You see, The Elder Scrolls has generally been about emergent player choices, at least since Morrowind. Many players will start out playing as some sort of role (say, stealthy bow user), only to find that they prefer something else later (say, finding out they do better with a one-hander and shield and restoration magic). This would generally be fine, even with the odd way in which games like Oblivion leveled, but not anymore in Skyrim, because Skyrim functionally ties your powers to your perks.
Perks are generally far more powerful than getting skill levels in this game. In fact, skill levels almost seem to exist only to give us access to more perks, where the perks so overshadow what little benefit the skills themselves give that they hardly matter.
Now then, yes, this does force a player to choose whether they want to have one playstyle or another rather effectively, but at the same time, I have to ask if this is what we really even want? After all, this would mean that a player could train their one-handed skill up to a high level, then, work on two-handed weapons, and wield those for a far longer time, and bring that two-hander up to maximum skill level. However, because the player was only using the two-hander to gain skill ranks for levels, and put all his/her perks into one-handers, and the one-handers which you spent less time training would be more powerful than the two-handers.
What if the player decided he/she liked two-handers better? Without a perk reallocation, you're basically just stuck. You either stick with one-handers, or you have wasted a large number of perks, and are never going to get that power that would make other skills far more useful back.
Then there are the pre-requisite perks that make little sense and force players to buy things they don't want or need to get to the things they do want. Yes, sure, some perks are very powerful, but if I don't want to play a necromancer because of RP reasons, why do I have to take necromancy and dark souls to get my double atronach summon? Why do I need to take a perk that increases the potency of poison in order to get the perk which lets me gather more herbs? What do those two perks have to do with one another?

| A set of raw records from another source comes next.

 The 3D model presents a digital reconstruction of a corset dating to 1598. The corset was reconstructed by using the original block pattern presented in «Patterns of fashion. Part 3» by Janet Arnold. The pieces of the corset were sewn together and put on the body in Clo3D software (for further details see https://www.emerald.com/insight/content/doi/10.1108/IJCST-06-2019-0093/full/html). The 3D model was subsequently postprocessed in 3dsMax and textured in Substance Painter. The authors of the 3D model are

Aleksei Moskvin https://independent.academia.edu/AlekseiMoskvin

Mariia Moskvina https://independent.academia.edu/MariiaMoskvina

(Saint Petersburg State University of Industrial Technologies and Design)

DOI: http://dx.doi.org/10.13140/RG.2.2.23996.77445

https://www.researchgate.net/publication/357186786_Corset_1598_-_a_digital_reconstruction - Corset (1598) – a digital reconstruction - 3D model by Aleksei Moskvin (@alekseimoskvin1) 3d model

Wasn't the whole point of this system from the start that training and use = power? Doesn't this contradict the entire basis upon which the skill system that makes this game unique was built upon? This is an unholy matrimony of experience-point-based leveling with character points that I spend to min-max my character with the natural use and skill level system.

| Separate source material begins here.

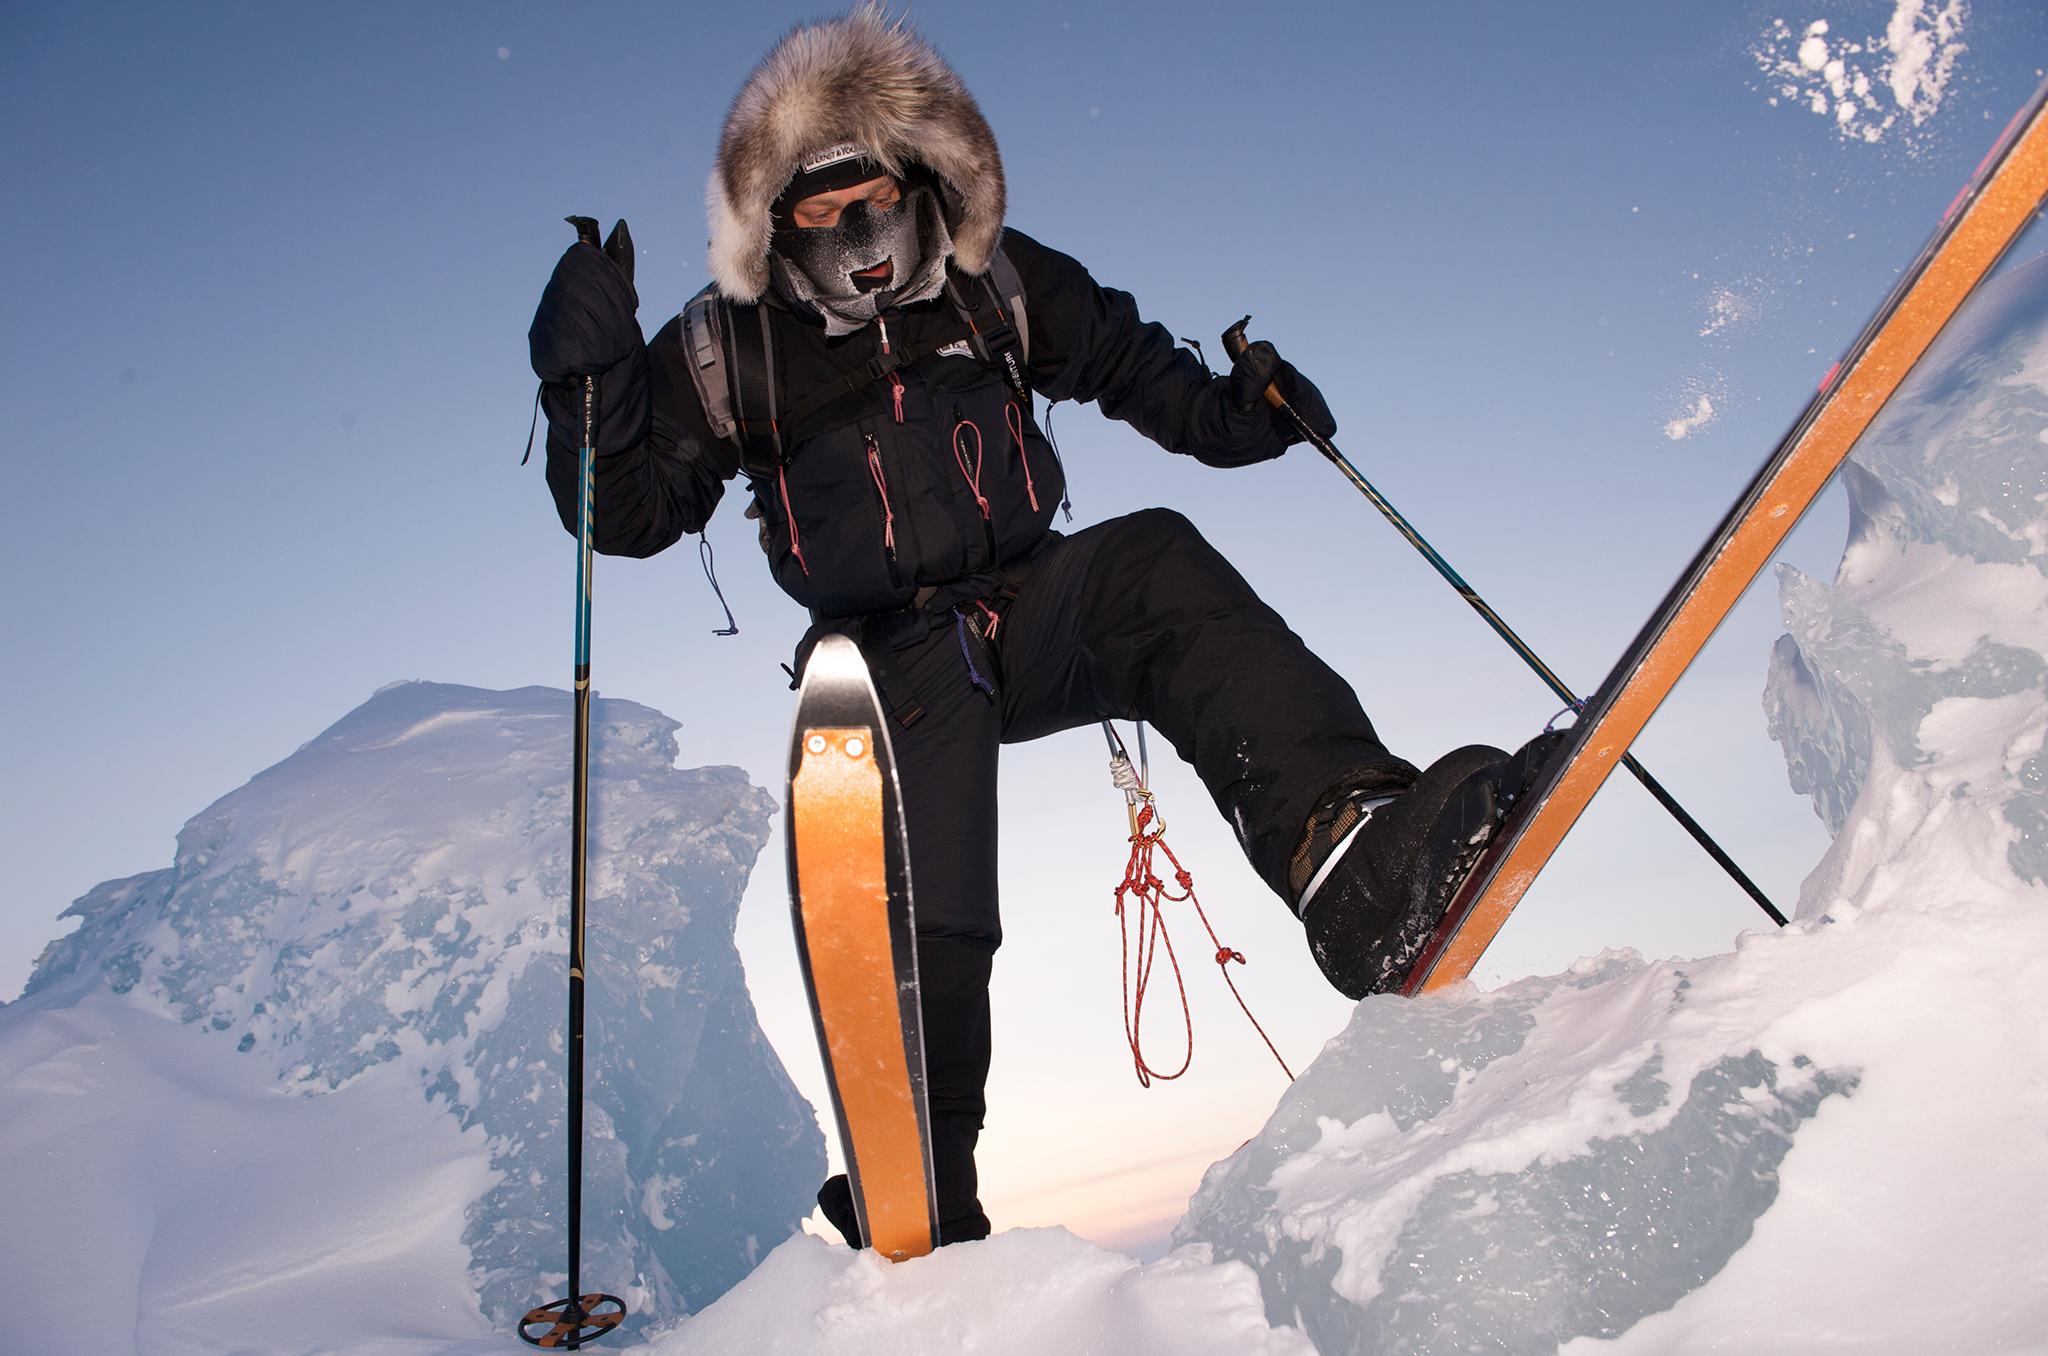 Ben Saunders achieved the first solo skiing expedition to the North Pole in 2004

There are even solutions that involve keeping perks in general, but removing them from character level, and tying them, instead to skill level - so that, like with Oblivion, you could hit rank 50 in a skill, but then have a choice as to what skill you want to gain when you hit that skill rank milestone. Then, you can choose specializations still, but have it remain tied to your skill ranks, not your character level. Even more, you could require training to learn those perks, allowing for more immersion.